Les médias n’ont pas été tendres. L’Équipe lui a attribué un sévère 3/10, pointant un joueur « encore trop tendre pour le très haut niveau ». Du côté de Culture PSG, le constat est similaire : 4/10, avec des mots qui font mal – « au supplice face à l’adversité ». Une performance qui pourrait redistribuer les cartes dans la hiérarchie défensive, alors que la charnière centrale reste un chantier ouvert pour Luis Enrique.
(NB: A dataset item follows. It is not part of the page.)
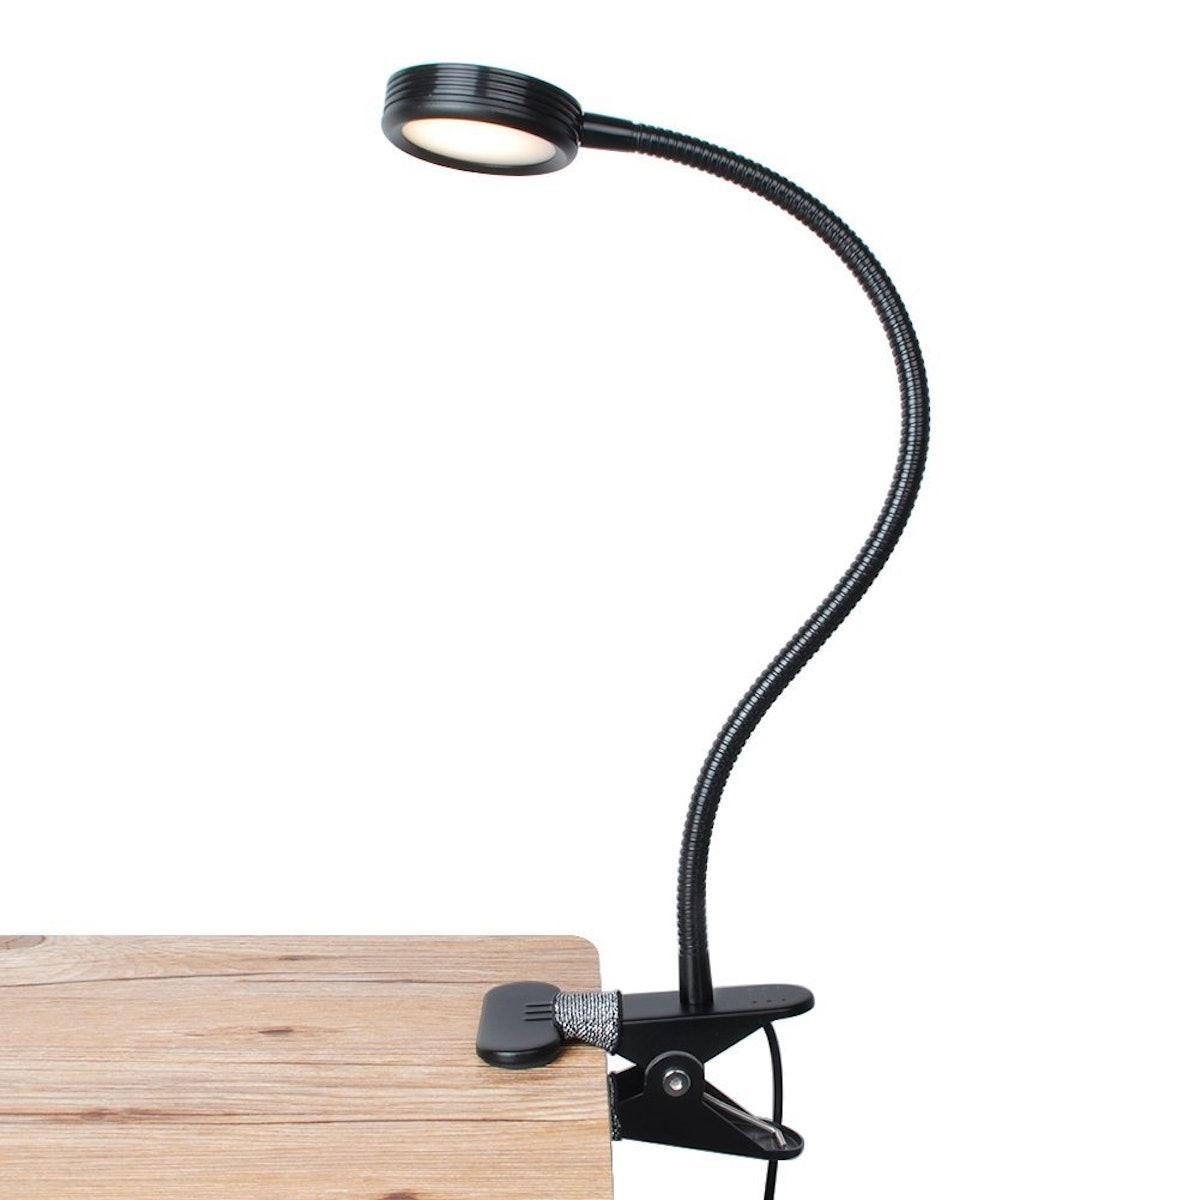 LEPOWER Clip-On Lamp

Une crise à enrayer avant la phase décisive

Ce match face à Strasbourg intervient à un moment charnière de la saison. Avec la Ligue des champions qui approche (huitièmes de finale contre Manchester United dès février) et une course au titre national toujours aussi sensible face à Monaco et Lyon, le PSG ne peut se permettre un tel manque de solidité. L’absence d’un véritable patron en défense – souvent incarnée dans le passé par des Thiago Silva ou Marquinhos au sommet – se fait cruellement sentir.

La question des ajustements va donc se poser : Danilo Pereira, plus expérimenté, doit-il revenir au centre ? Faut-il relancer Skriniar, en dépit de ses récentes irrégularités ? Ou Luis Enrique devra-t-il envisager une charnière inédite avec Zague ou Tenas en rotation ?

Quel impact sur la suite du projet parisien ?

Luis Enrique ne tourne pas autour du pot. Il veut une équipe capable de défendre ensemble, de presser haut, mais aussi de rester compacte sous pression. Les carences mises en lumière contre Strasbourg ne sont pas anodines. Dans un projet basé sur la maîtrise collective, chaque faille individuelle affaiblit tout l’édifice. Beraldo, encore jeune et en phase d’adaptation, doit corriger le tir rapidement, ou il risque de se voir rétrogradé dans la rotation.

Paris reste invaincu, certes, mais face à des forces plus offensives sur la scène européenne, une telle prestation pourrait être fatale. Luis Enrique a tiré la sonnette d’alarme. Reste désormais à voir si les joueurs ont reçu le message.